But what has been surprising to the researchers I spoke to is the extent to which these drugs — and the hope people have put in them — have been politicized. Ivermectin, in particular, has become a bit of a populist, anti-establishment cause celebre. It first started getting attention as a COVID-19 drug in April 2020, after the publication of a study where it seemed to slow the growth of SARS-COV-2 in a test tube. From those humble beginnings, it has been championed by Tucker Carlson, promoted in invited testimony to Congress, and embraced by the governments of Brazil and India. The journalist Matt Taibbi wrote an article promoting the baseless conspiracy theory that ivermectin works but news of it is being censored, because Big Pharma and/or the government doesn’t want you to know about a cheap cure for COVID-19. Some of these boosters have ulterior motives for wanting to believe in the hope of ivermectin. As a guest on Carlson’s show told the audience, if ivermectin cures COVID-19, then nobody would need vaccines.

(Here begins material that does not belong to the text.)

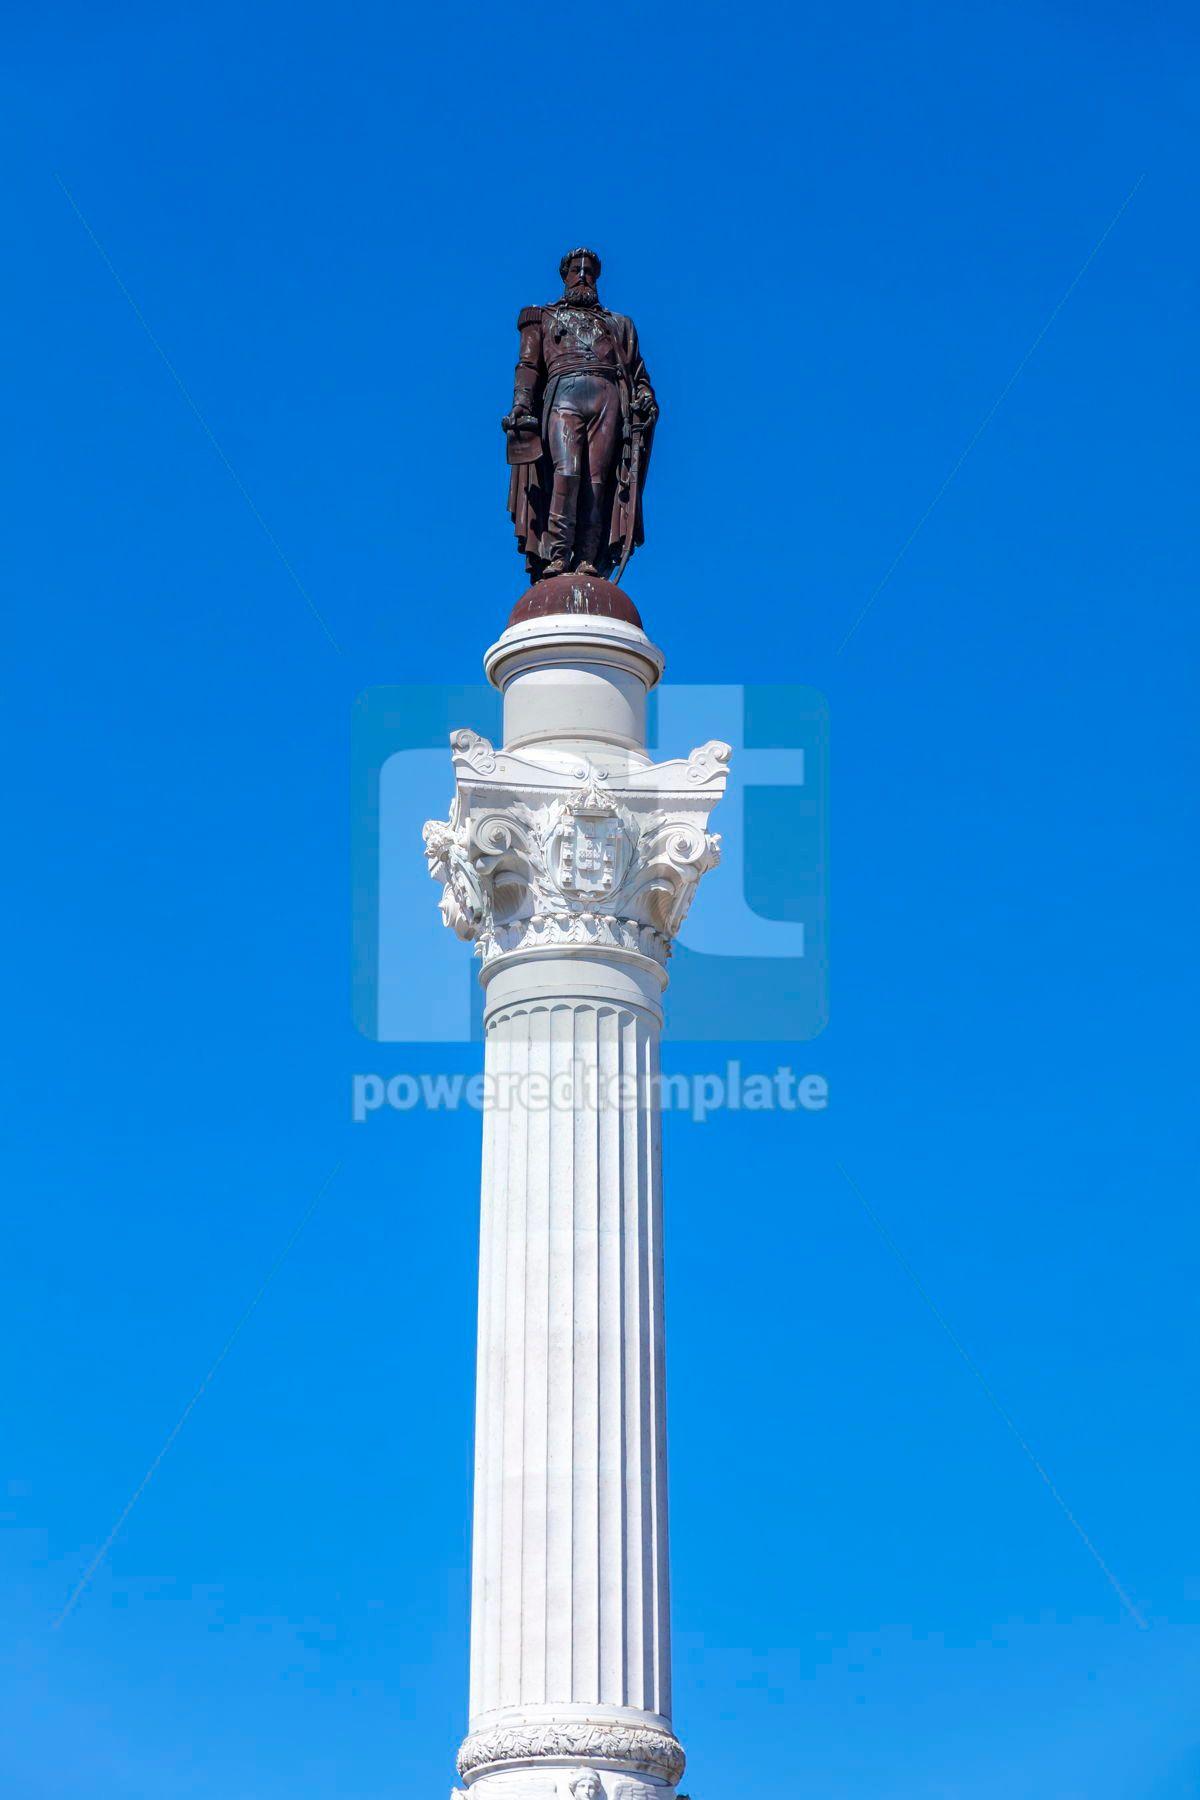 Marble statue of Pedro IV on Rossio square Lisbon Portugal, 13370, Architecture  — PoweredTemplate.com

Layperson advocacy isn’t always a bad thing, said Dr. Jeremy Faust, a specialist in emergency medicine at Brigham and Women’s Hospital in Boston. At the height of the AIDS crisis patients pushed for more (and faster) testing of more drugs, more accountability from the government and the health care industry, and more say in their own treatment. Today, we, the public, know more about what’s out there, we know better how to ask for what we want and we know more about the very legitimate reasons to question the industries tasked with our well-being. But our knowledge of how to evaluate evidence hasn’t grown at the same rate. “It’s like owning a Ferrari, but you don’t know how to drive,” C. Michael Gibson, a professor of medicine at Harvard University, said.
COVID-19 took all those good and bad aspects of layperson advocacy and magnified them, Faust said. He and other scientists and doctors told me they hadn’t seen medicine be this virulently politicized before.